*Material supplied*

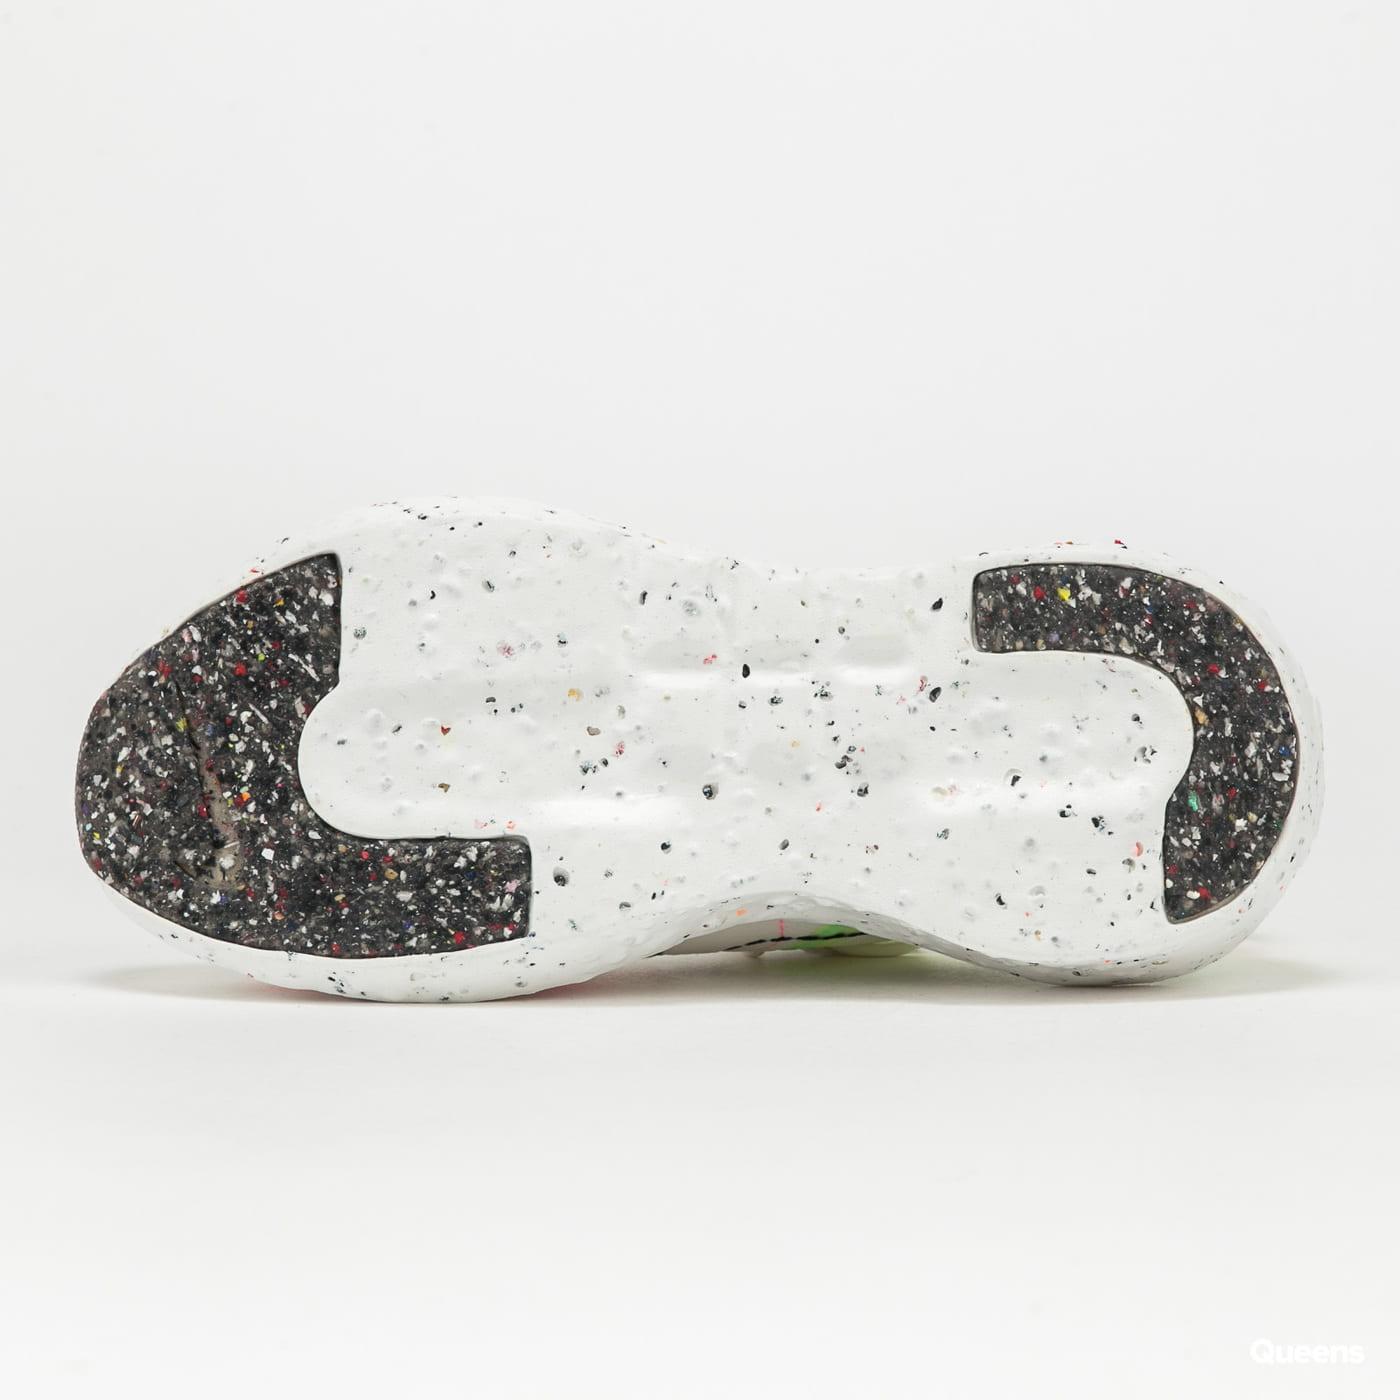 Nike W Crater Impact summit white / blck - green glow
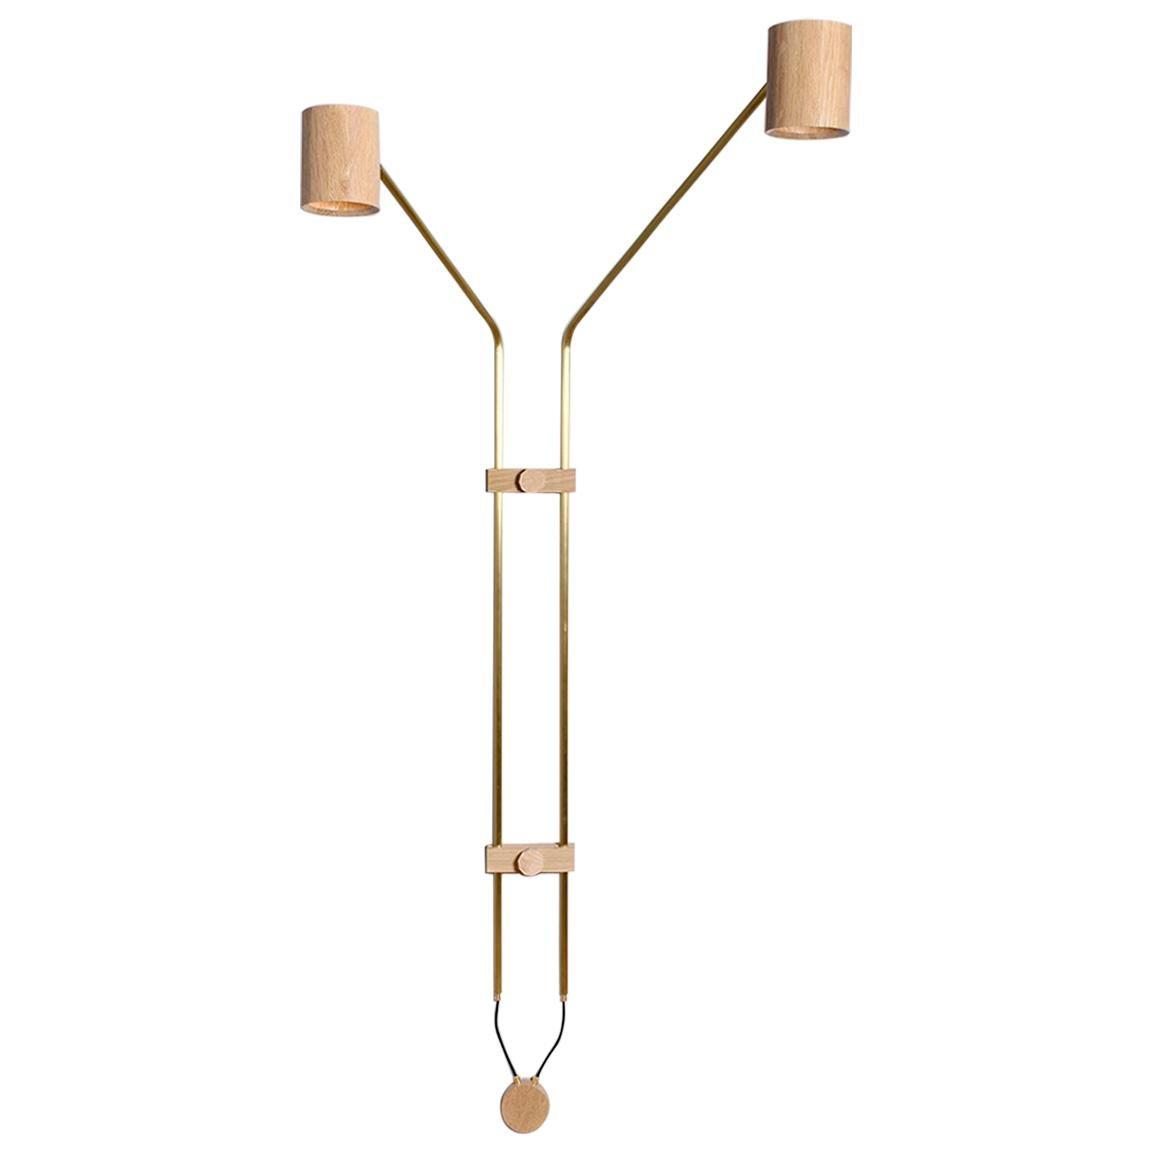 Brass 2 Spot Wall Lamp by ASAF Weinbroom Studio
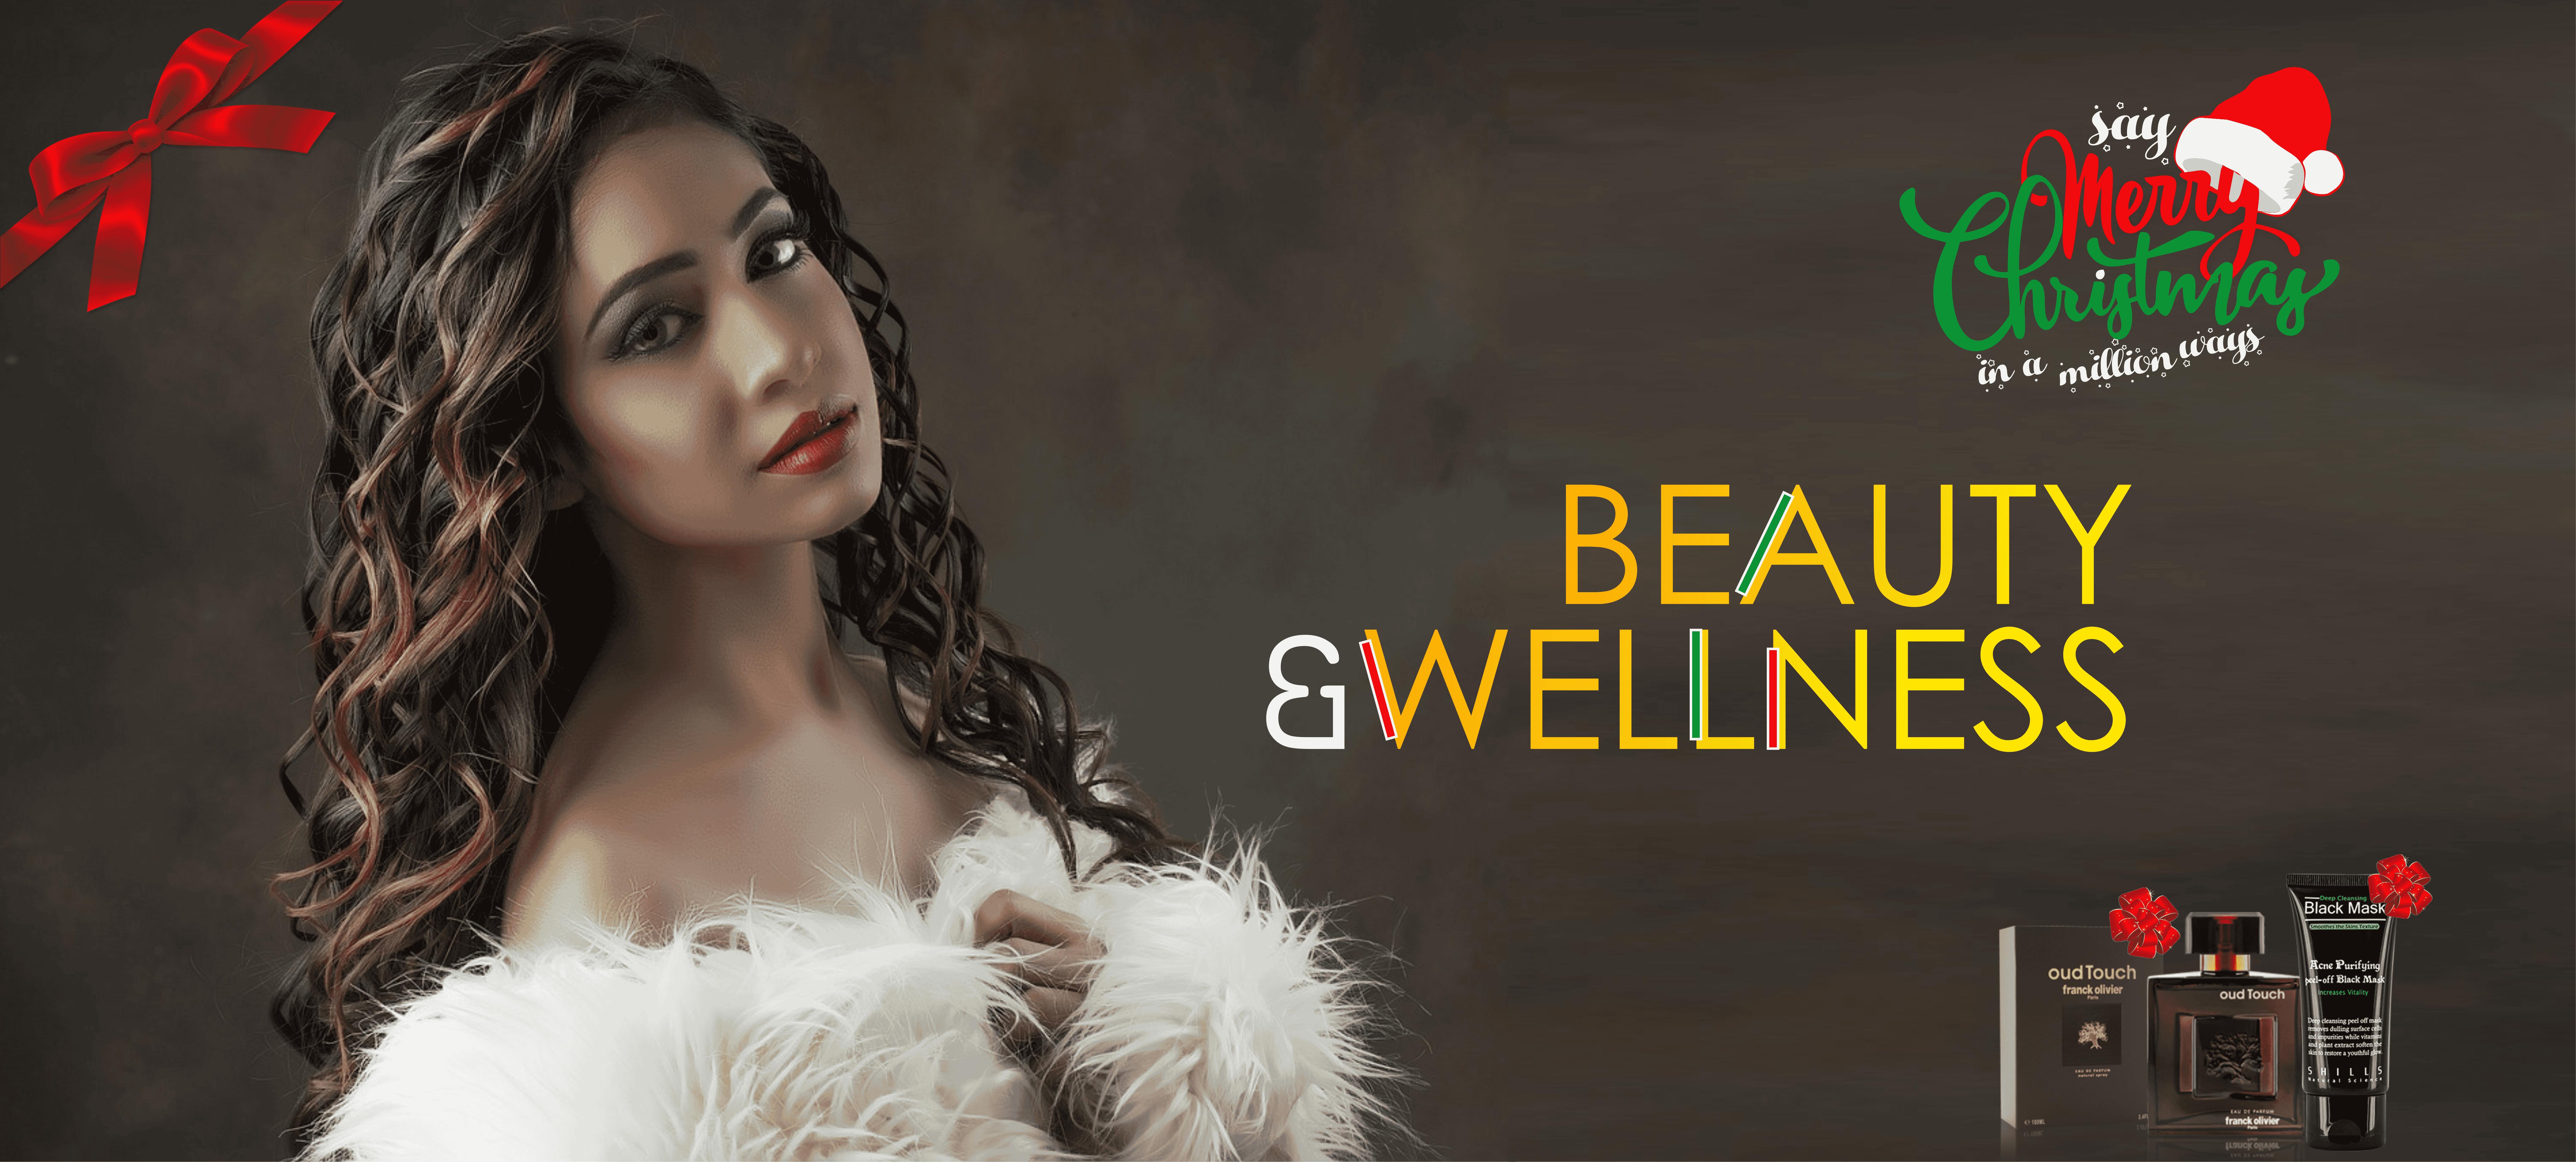 cosmetics and fragrances
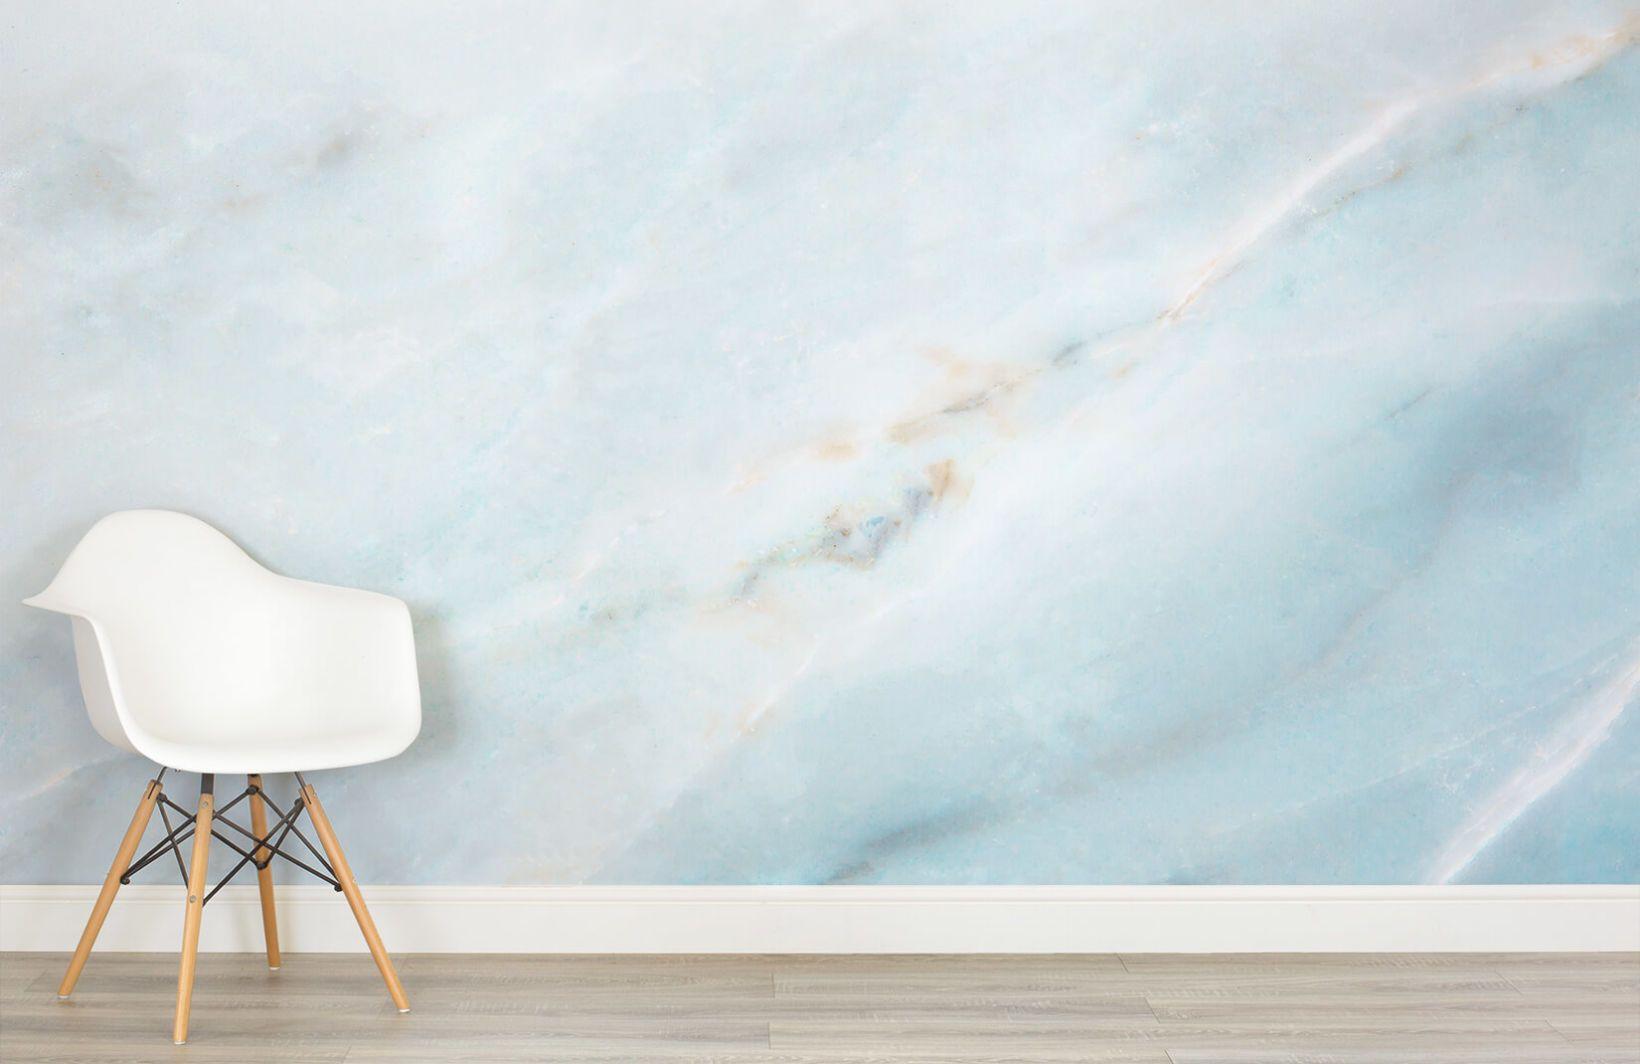 Wonderful Wallpaper Marble Blue - bfa0496b4c913f0cd9c93163c1d77336  Snapshot_477454.jpg
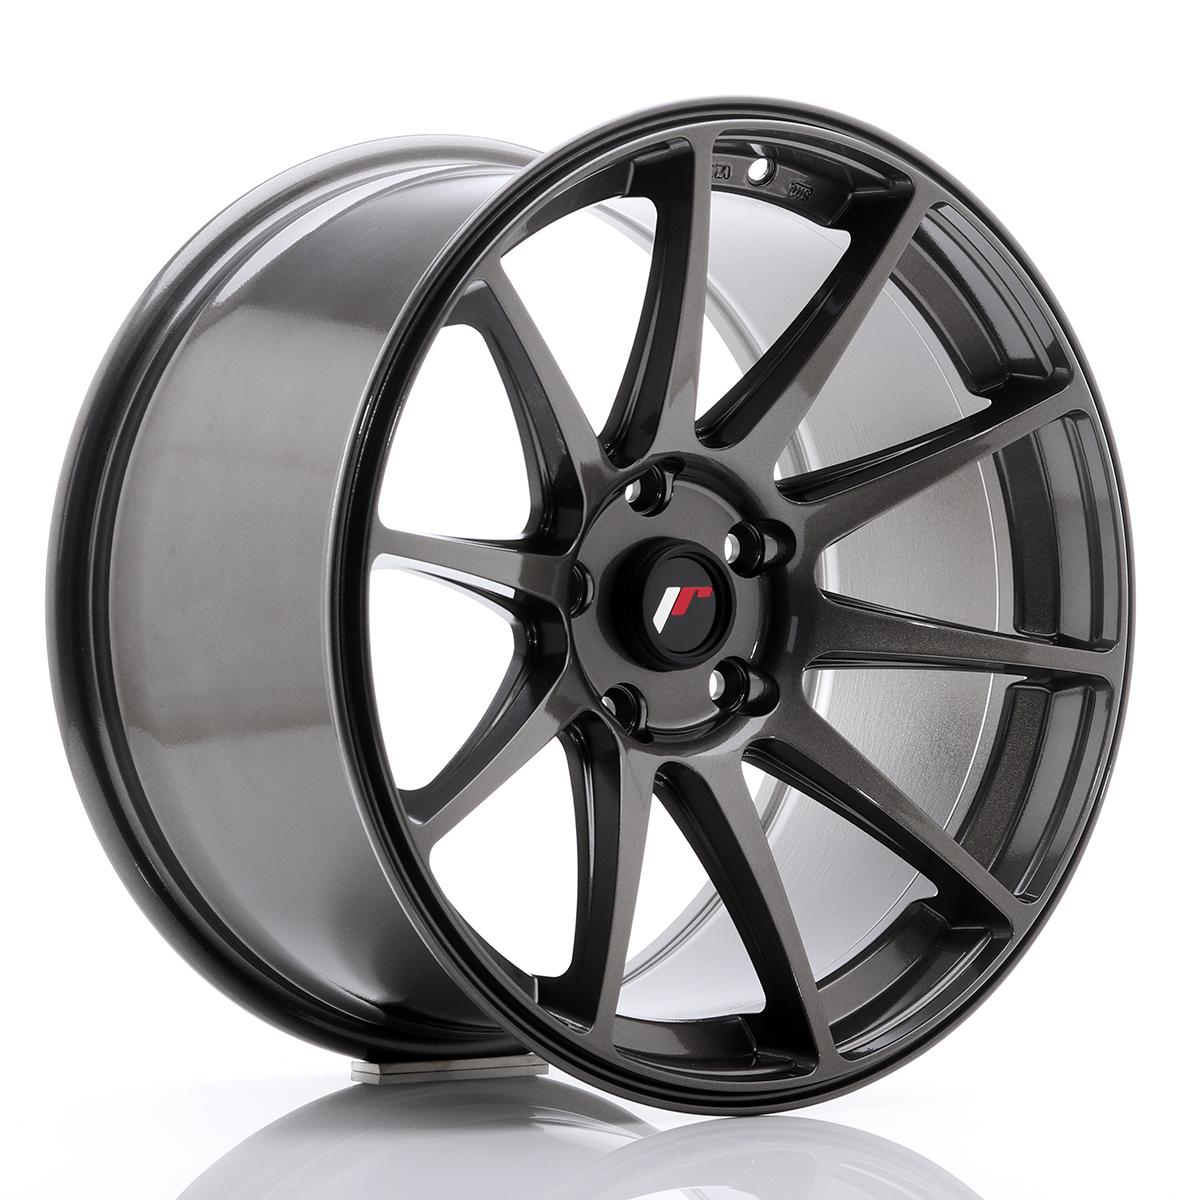 Japan Racing JR Wheels JR11 18x9.5 ET22 5x120 5x114.3 Hyper Gray

*Assigned task*
Copy word for word every line from the one holding "Wonderful Wallpaper Marble" to the end of the listing, both ends included, but do not copy any pictures.

*Your solution*
 Wonderful Wallpaper Marble Blue - bfa0496b4c913f0cd9c93163c1d77336  Snapshot_477454.jpg
 Japan Racing JR Wheels JR11 18x9.5 ET22 5x120 5x114.3 Hyper Gray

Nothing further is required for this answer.